Customer service is not cost of sales. It's a marketing expense. - paraschopra
http://www.paraschopra.com/blog/personal/customer-service-is-not-cost-of-sales-its-a-marketing-expense.htm
======
vetinari
To paraphrase, "this is so bad, it is not even wrong".

Firstly, both cost of sales (COGS) and sales, general and administrative
(SG&A, where marketing belongs) are profit and loss statement (P&L) items.
They really have nothing in common with balance sheet.

Secondly, it is in COGS, because support is directly attributable to specific
product and directly impacts given product's gross margin. You can
specifically tell, which product is well or badly designed, due to support it
requires.

In specific cases (one-off products - projects), support is financed from
reserves created for specific projects. These reserves impact the margin of
the project (and the project manager's bonus is usually based on the project
margin).

Thirdly, it is not "management" who decides, what goes where. It is CFO and
his minions, who base it on "accounting standars" (US GAAP or IAS, depending
where you are), so the revenues and cost structure is comparable among
companies. Benchmarking is not used only in tech field.

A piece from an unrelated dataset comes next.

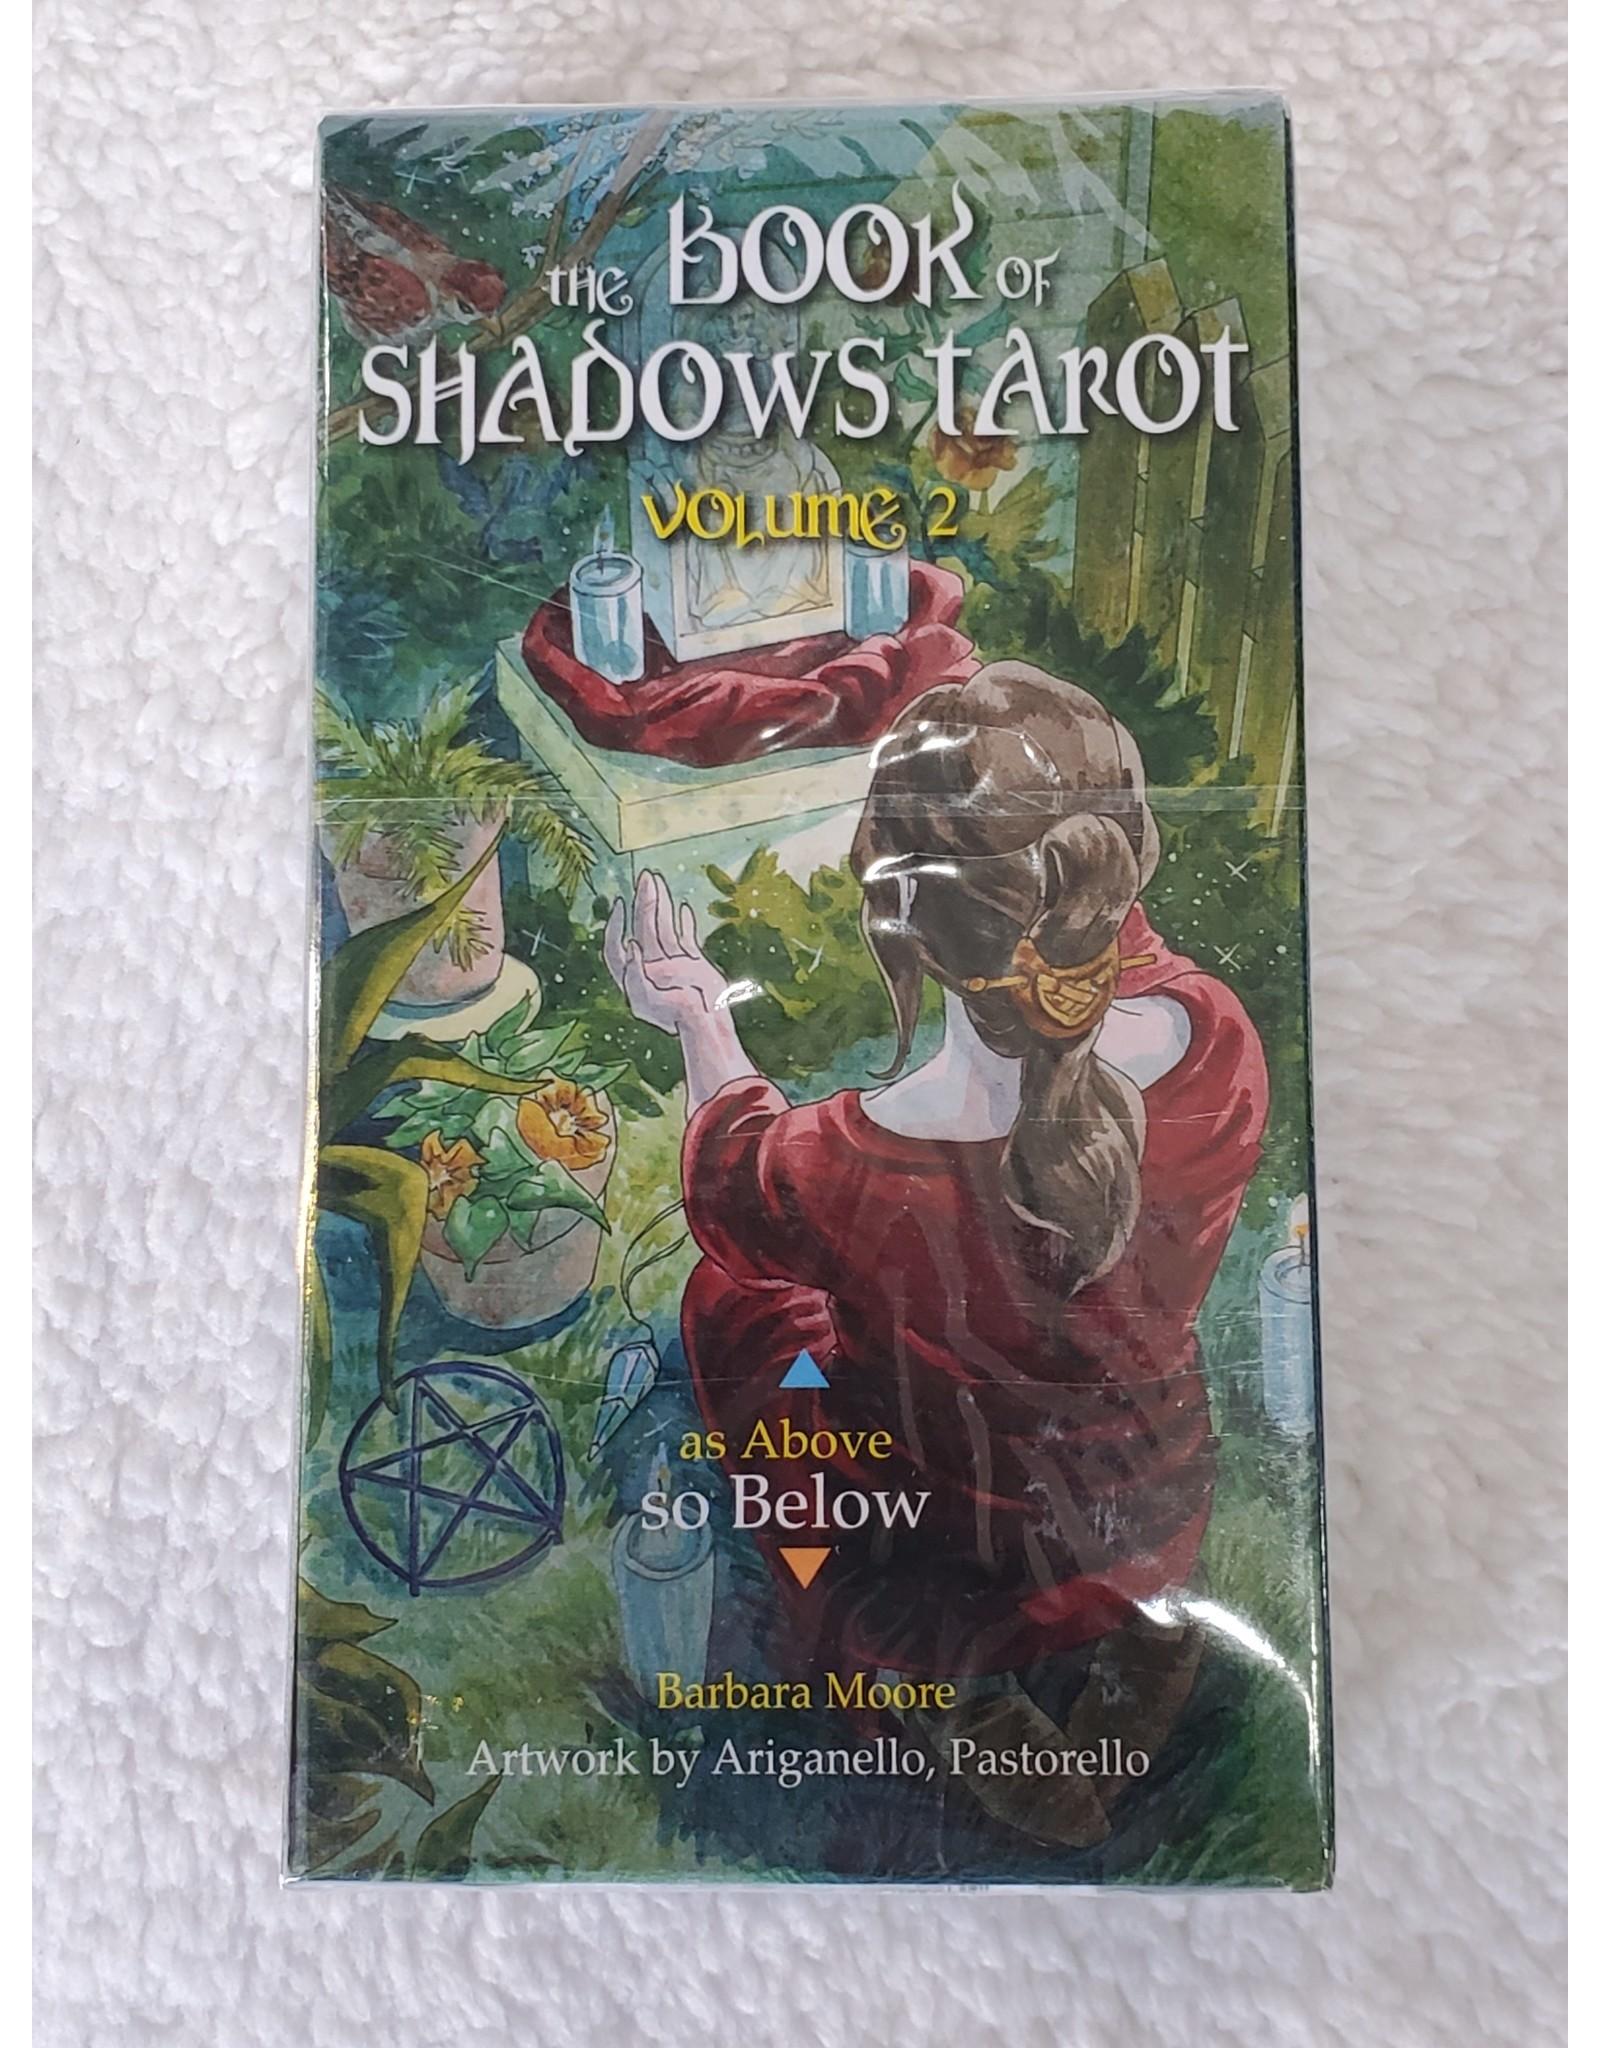 The Book of Shadows Tarot | Volume 2 | So Below

Fourthly, where comes this belief, that management does not slash SG&A costs,
but does COGS? They do both, but COGS, if it leads to acceptable gross margin
is left alone; SG&A is being cut at any possible chance.

------
wccrawford
I hate to burst his bubble, but management feels the same about paying for
marketing as they do for paying for sales. It's practically the same thing,
when it comes down to it.

I'm all about good customer service, but relabeling it on the expense sheets
is not going to change anything.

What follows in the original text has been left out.